Comparing Pointers Using Relational Operators
When two pointers to objects of the same type are compared, the result is determined by the location of the objects pointed to in the program's address space. Pointers can also be compared to a constant expression that evaluates to 0 or to a pointer of type void *. If a pointer comparison is made against a pointer of type void *, the other pointer is implicitly converted to type void *. Then the comparison is made.
Two pointers of different types cannot be compared unless:
One type is a class type derived from the other type.
At least one of the pointers is explicitly converted (cast) to type void *. (The other pointer is implicitly converted to type void * for the conversion.)
Two pointers of the same type that point to the same object are guaranteed to compare equal. If two pointers to nonstatic members of an object are compared, the following rules apply:
If the class type is not a union, and if the two members are not separated by an access-specifier, such as public, protected, or private, the pointer to the member declared last will compare greater than the pointer to the member declared earlier. (For information on access-specifier, see the Syntax section in Access Specifiers.)

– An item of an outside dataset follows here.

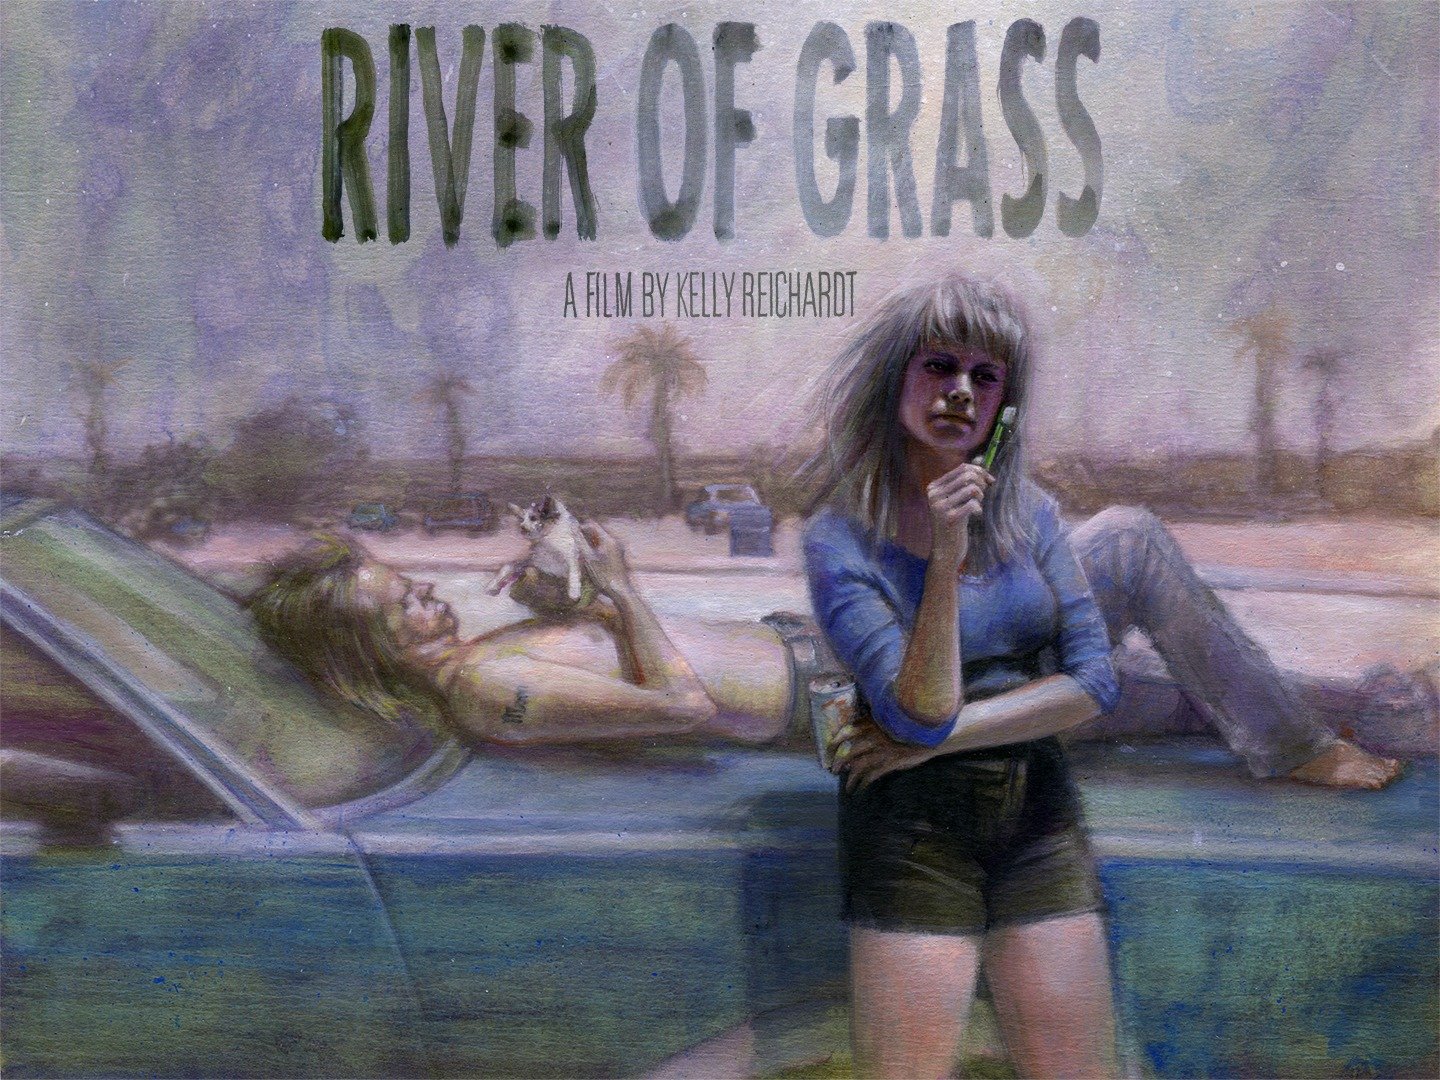 "River of Grass photo 11"

If the two members are separated by an access-specifier, the results are undefined.
If the class type is a union, pointers to different data members in that union compare equal.
If two pointers point to elements of the same array or to the element one beyond the end of the array, the pointer to the object with the higher subscript compares higher. Comparison of pointers is guaranteed valid only when the pointers refer to objects in the same array or to the location one past the end of the array.